Кто он такой, мы узнали 28 июля 1956 г., когда в «Литературной газете» была напечатана статья Ильи Эренбурга «О стихах Бориса Слуцкого». Эренбург открыл нам глаза на поэта, который все время был рядом с нами и сущность которого мы, как сейчас выражаются, «в упор не видели». Внешне в наших отношениях почти ничего не изменилось. Он опять читал свое, опять требовательно спрашивал: «Ну как?» Но теперь-то мы стали умные. Теперь мы гордились, что наше мнение что-то для него значит. И его высказывания о театре, по-прежнему редкие, теперь уж мимо ушей не пропускали.

В 1957 году в Москве гастролировал брехтовский «Берлинер ансамбль». Слуцкого эти спектакли, особенно «Кавказский меловой круг», привели в большое возбуждение, Брехт вообще был ему духовно сродни.
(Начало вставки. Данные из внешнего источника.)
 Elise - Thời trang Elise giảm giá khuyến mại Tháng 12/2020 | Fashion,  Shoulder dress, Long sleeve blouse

Поэтому я нисколько не удивился, когда узнал, что все зонги и стихи для постановки «Доброго человека из Сезуана», с которой начался театр Юрия Любимова на Таганке, написаны Слуцким. Потом я увидел его на репетициях «Павших и живых». В этом спектакле военные стихи Слуцкого читал Вениамин Смехов.

— Тебе нравится, как он читает? — спросил я Бориса.
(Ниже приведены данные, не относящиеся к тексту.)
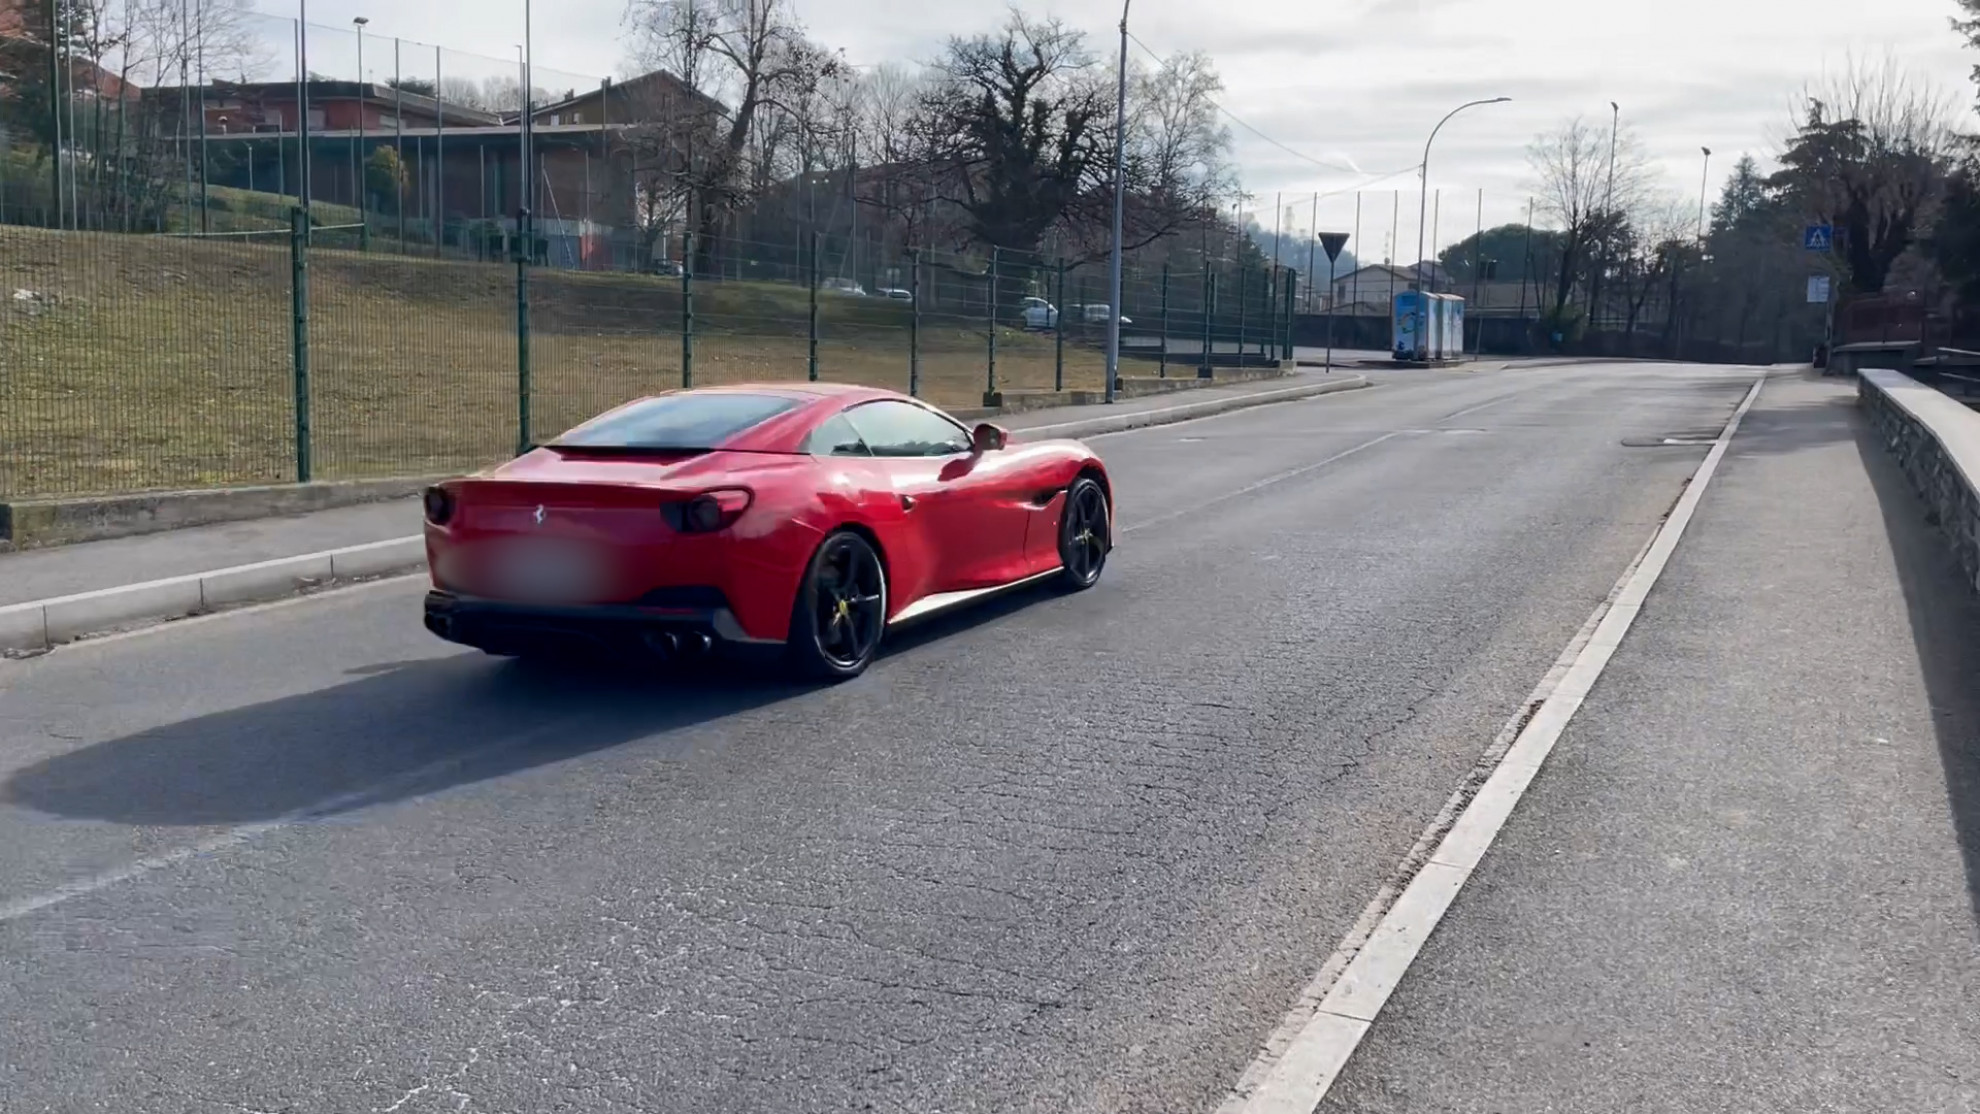 Ferrari in zona 30: «Senza dubbio è un pirata della strada» - Ticinonline

— Хорошо читает, — ответил он. — И вообще, это вот — мой театр. Это вот — настоящий театр.

Мы с ним часто вместе оказывались в Коктебеле. Однажды в столовой Дома творчества мне нагрубила официантка. Я вспылил, вышел из-за стола и на эспланаде гневно говорил, что завтра же дам телеграмму в Литфонд и пусть эту грубиянку немедленно уволят. Борис внимательно выслушал мой запальчивый монолог и сухо сказал: «Конечно, уволят. Но, знаешь, я лично никогда не вступаю в конфликты с теми, кто зарабатывает меньше ста двадцати рублей в месяц».

Этот урок я впоследствии многим пересказывал, и, думаю, не без пользы.

После того как вышла книга воспоминаний «Встречи с Мейерхольдом», а потом и моя книга о Мастере, мы с ним много о Мейерхольде говорили. Спорили. Больше всего Слуцкого занимал внезапный, непредсказуемый, как ему казалось, «прыжок» Мейерхольда из пышного императорского театра — в народный, площадной. От «Маскарада» — к «Мистерии-Буфф». От роскоши — к аскетичности. Мое объяснение этого «прыжка» его не удовлетворяло. Его собственное объяснение дано в «Оде Мейерхольду», здесь впервые печатаемой и написанной, думаю, тогда же, в самом конце 60-х, когда мы об этом спорили. Честно говоря, Слуцкий и теперь не убеждает меня. Но какое это имеет значение? Другое важно: Слуцкий в своей «оде» как бы братски обнимает Мейерхольда, приближает его к себе — и к нам.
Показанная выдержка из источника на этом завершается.